● TASK BRIEF: From the line containing "All-Clad d5 Stainless-Steel" down to the last line of the listing, quote everything word for word, and nothing else, keeping pictures out.
(DATA BLOCK)
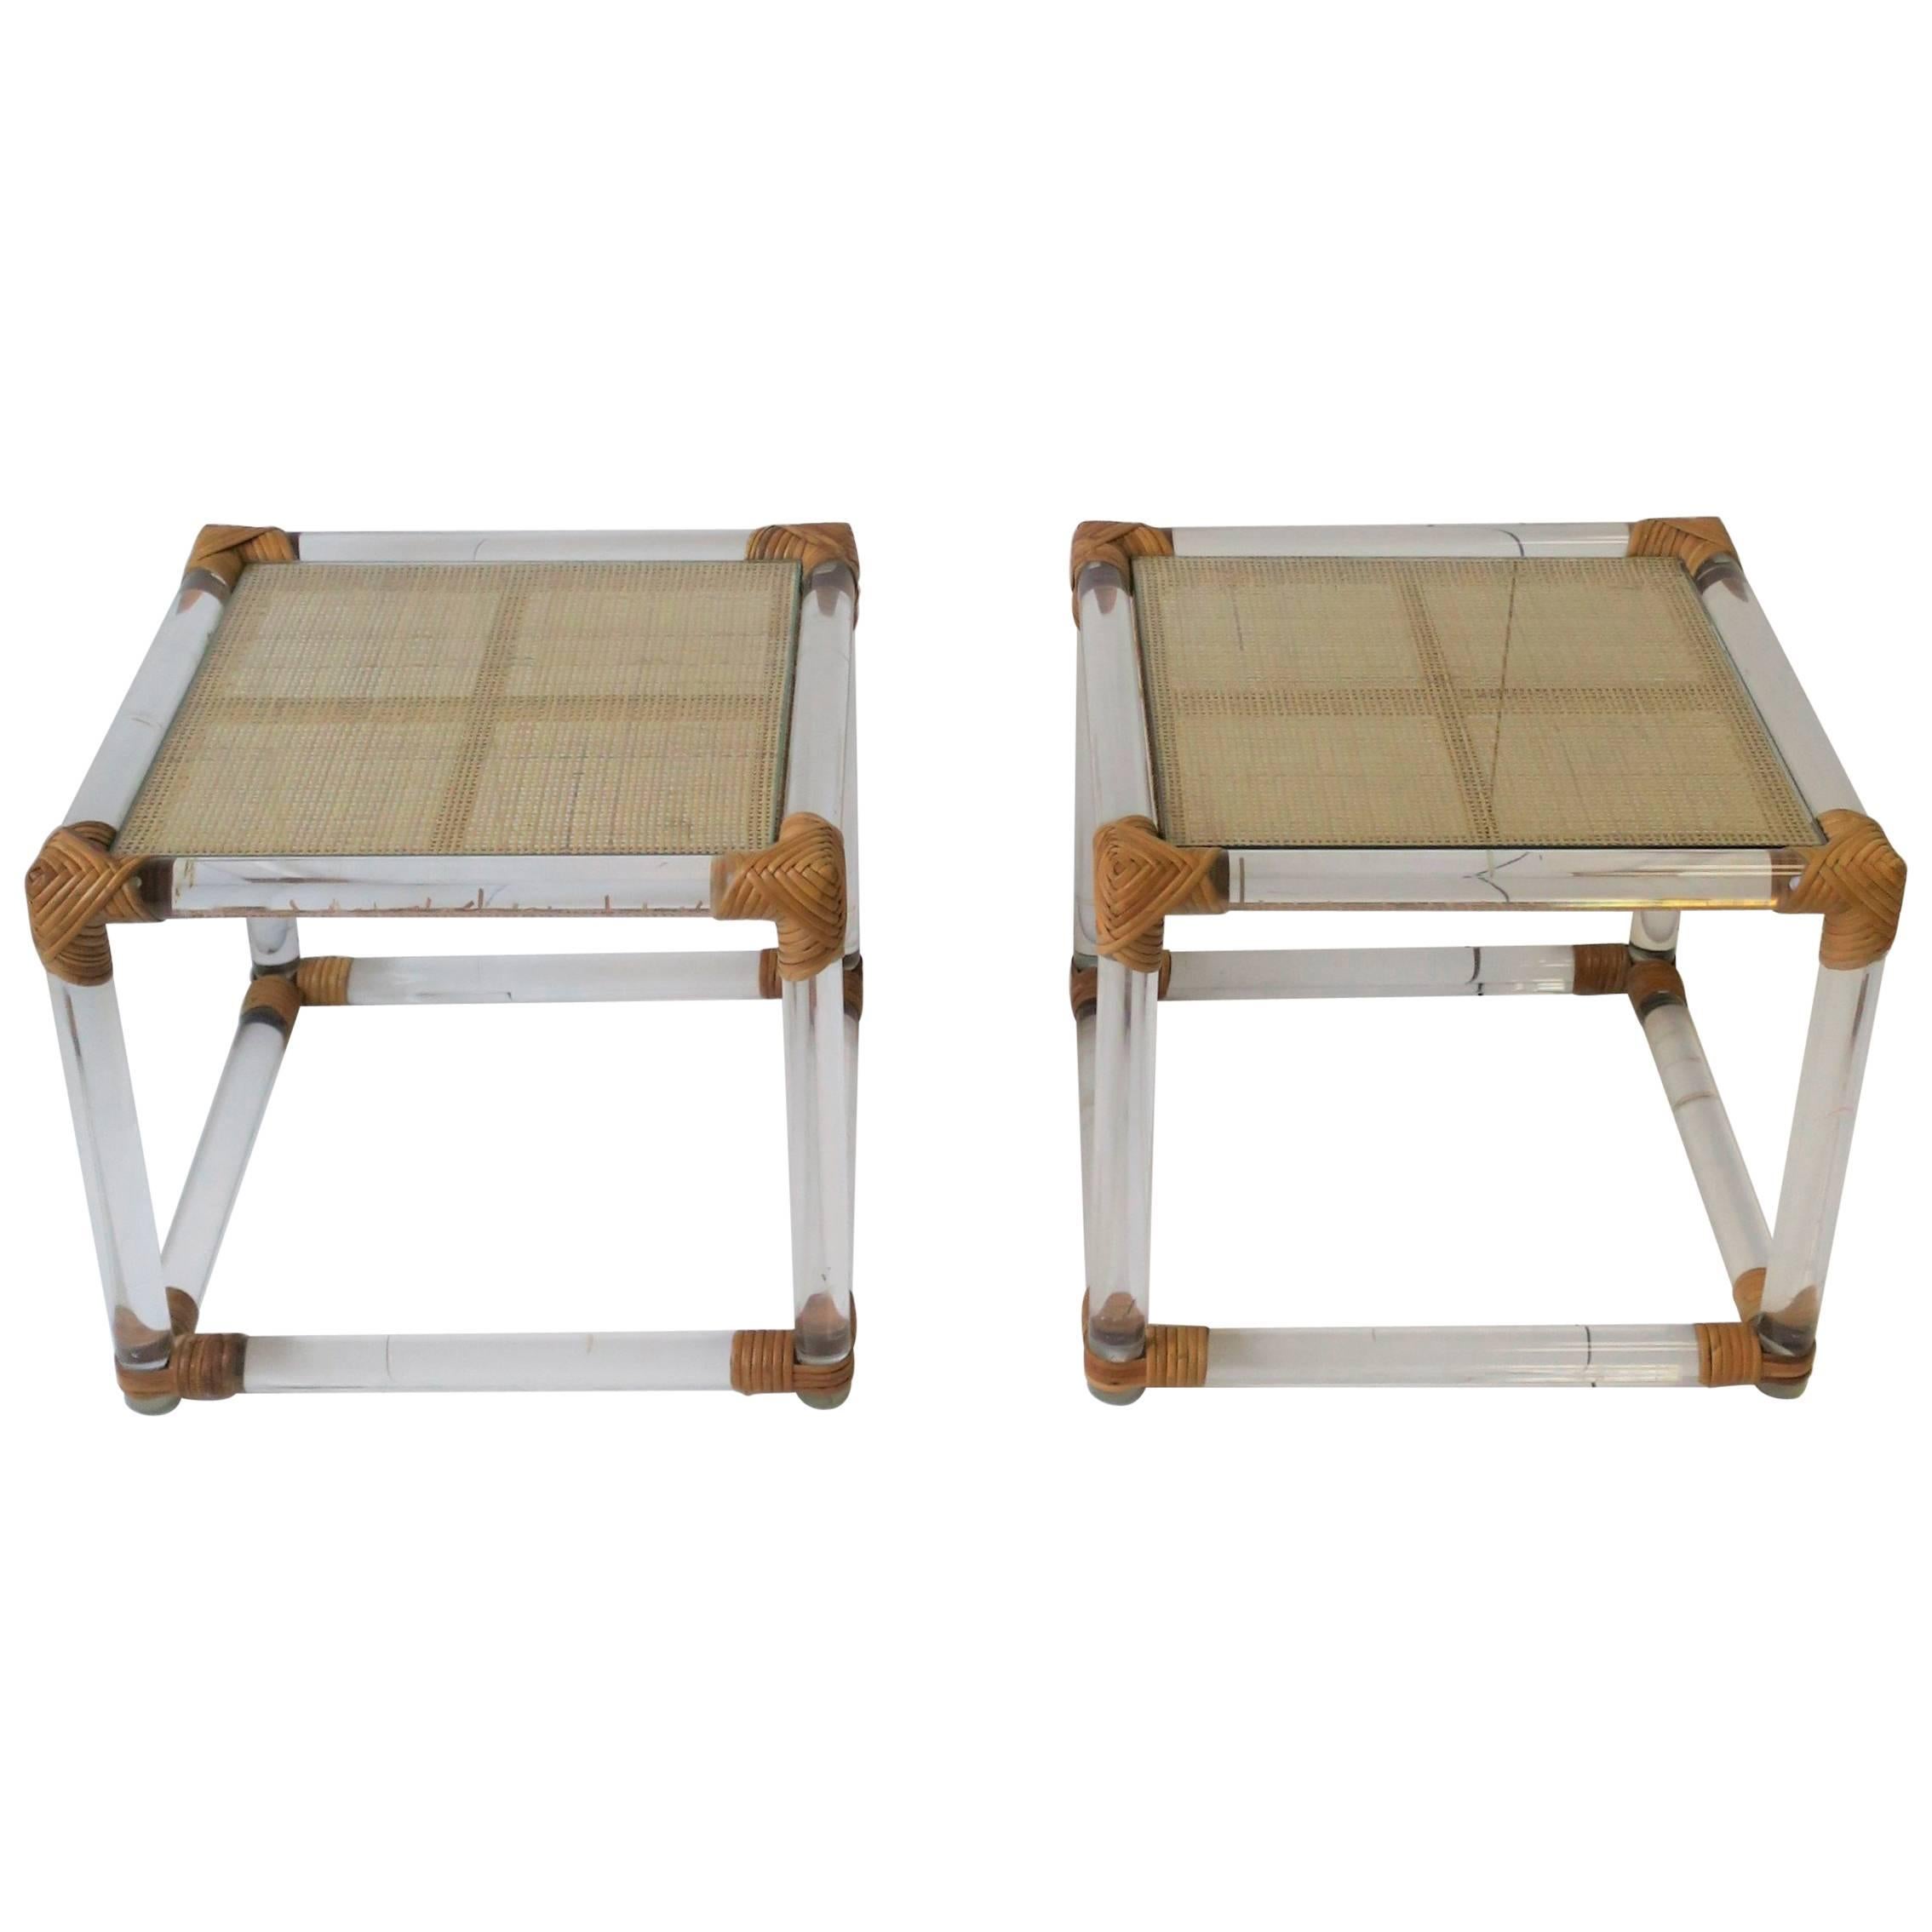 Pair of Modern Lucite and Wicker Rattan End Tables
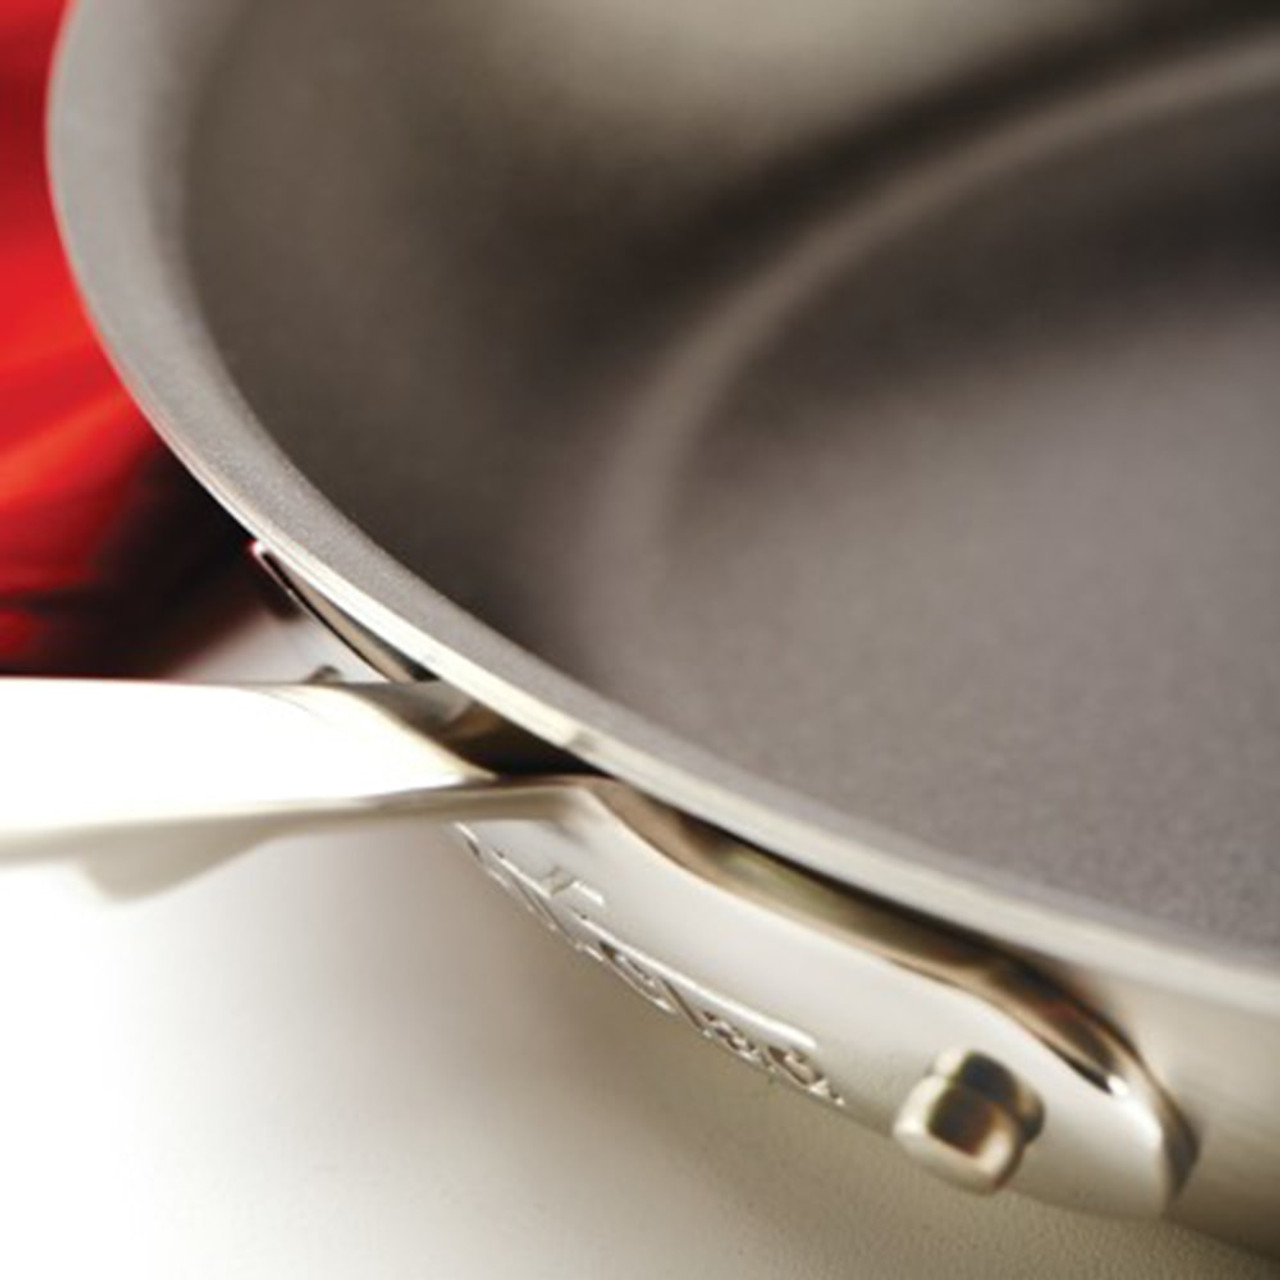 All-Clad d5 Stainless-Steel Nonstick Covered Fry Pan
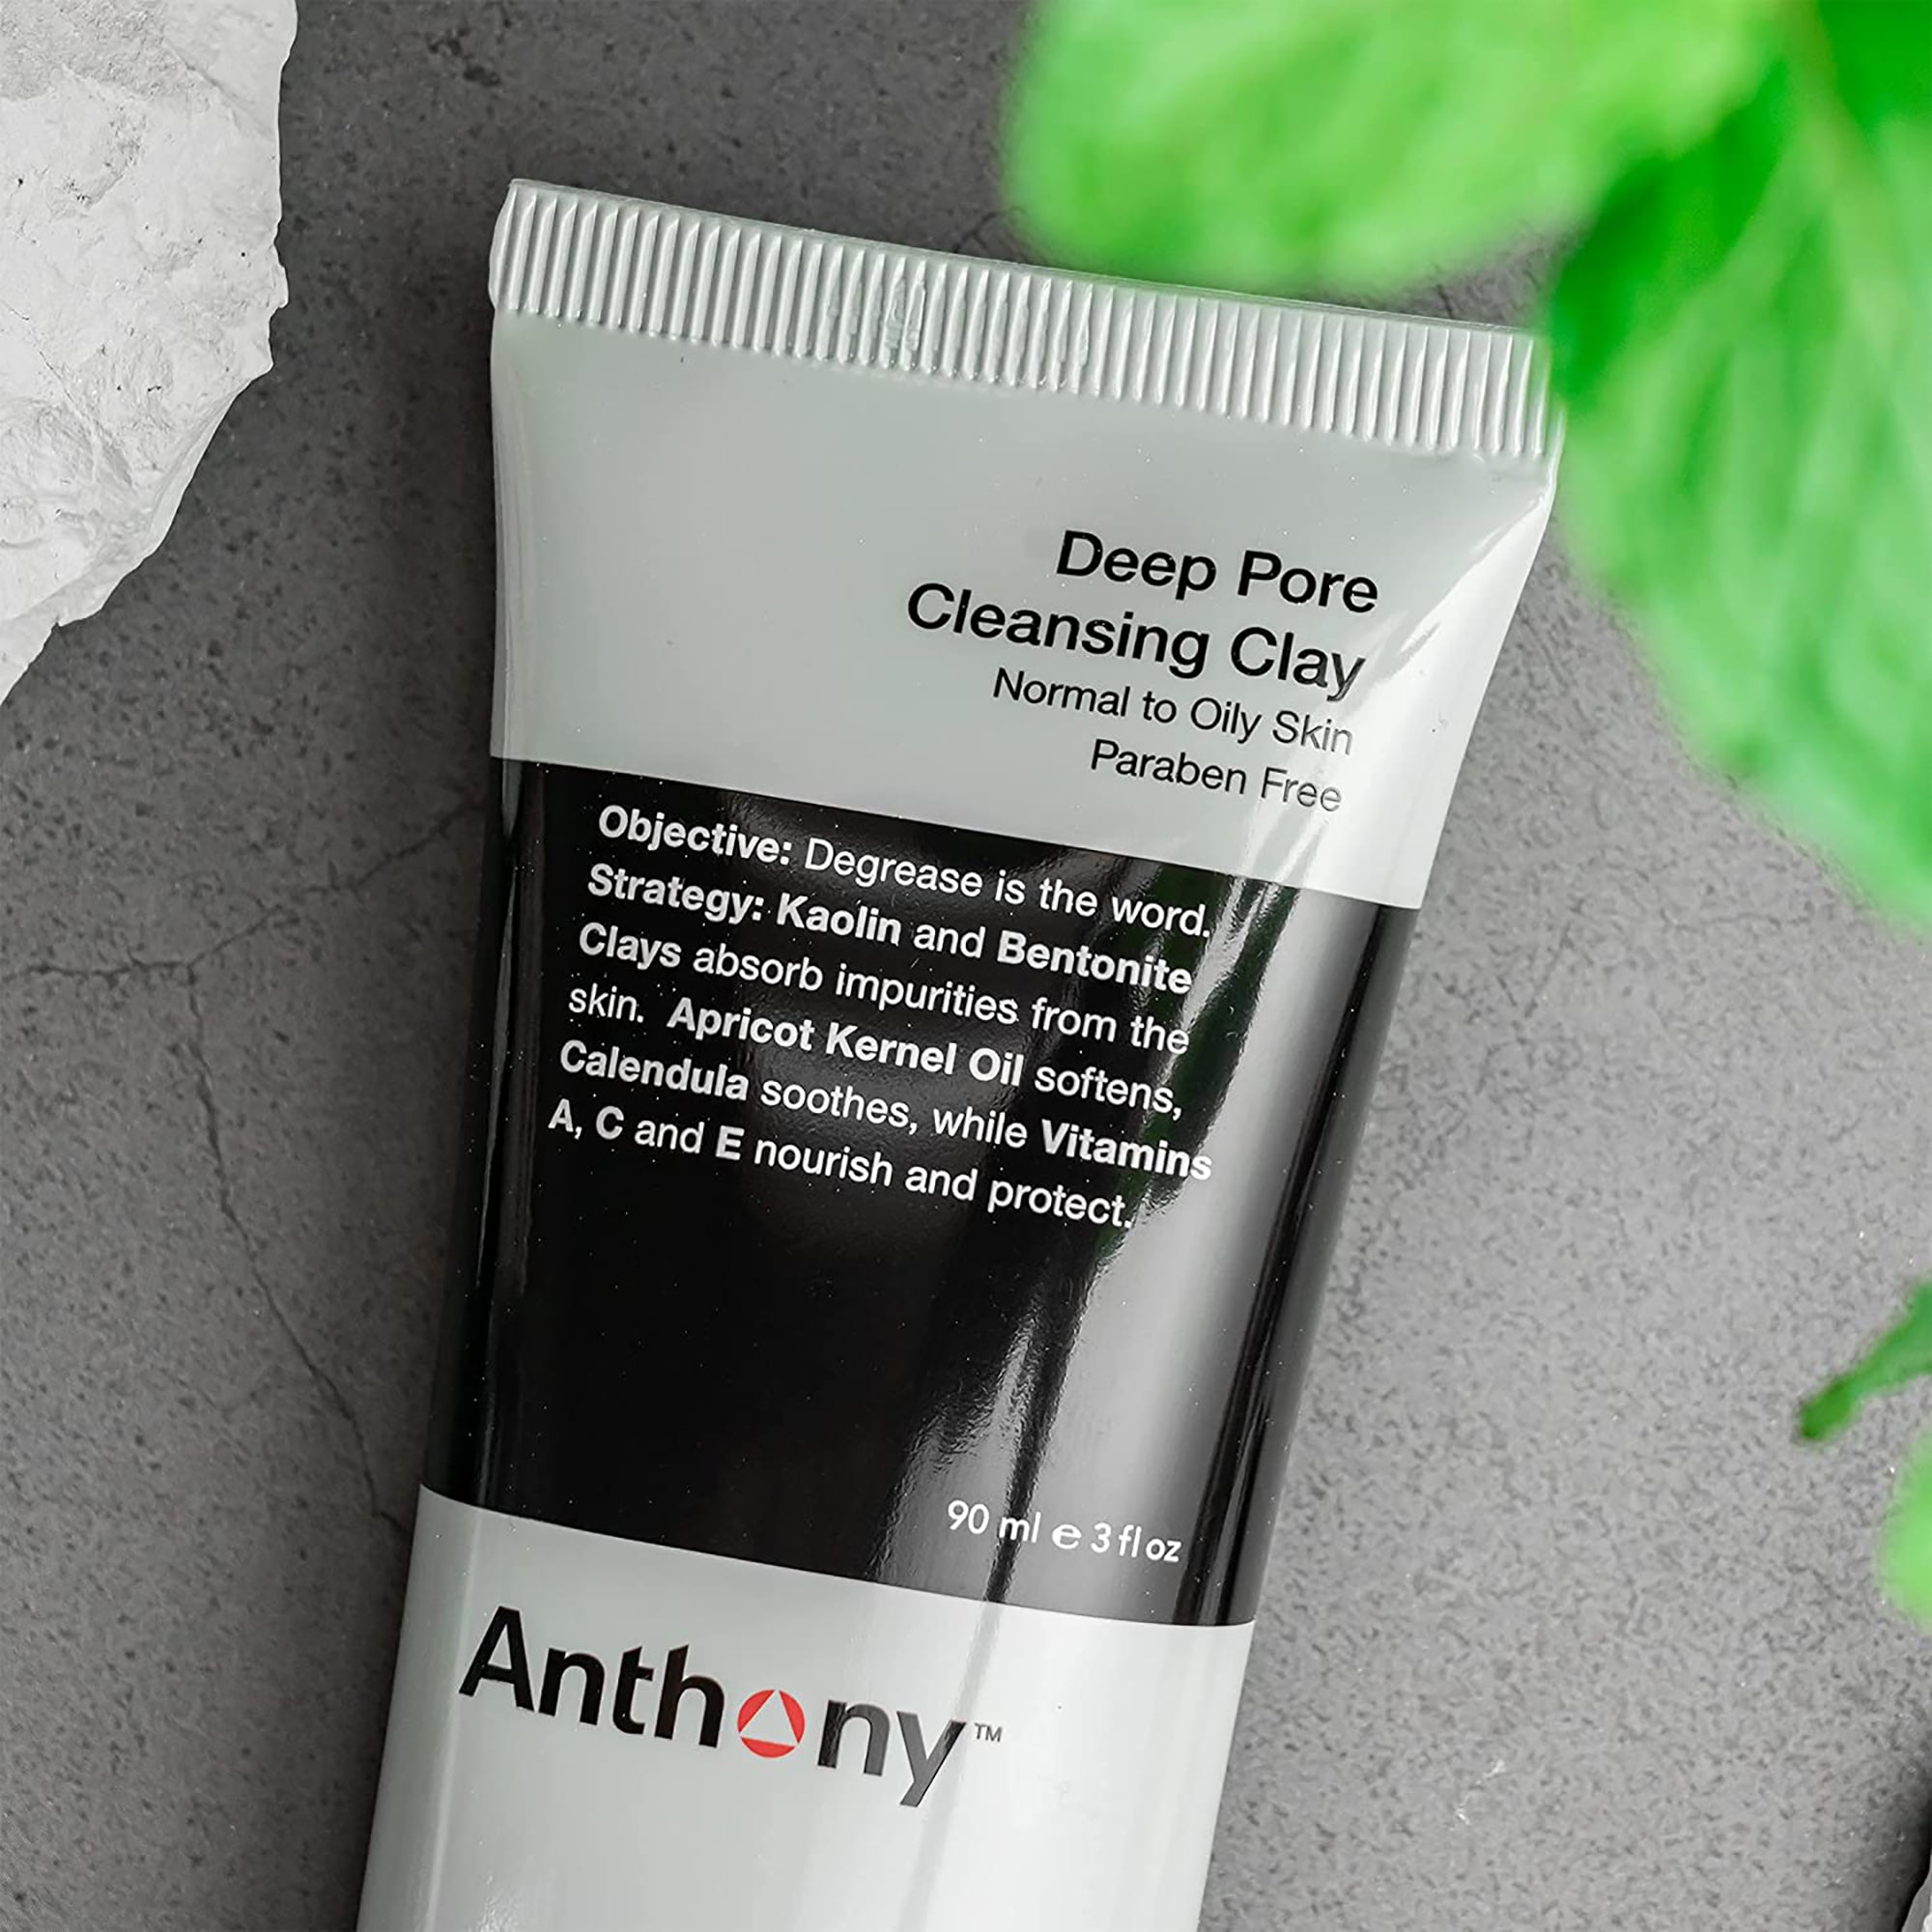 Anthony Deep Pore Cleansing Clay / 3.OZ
(End DATA BLOCK)
● EXERCISE OUTPUT:
 All-Clad d5 Stainless-Steel Nonstick Covered Fry Pan
 Anthony Deep Pore Cleansing Clay / 3.OZ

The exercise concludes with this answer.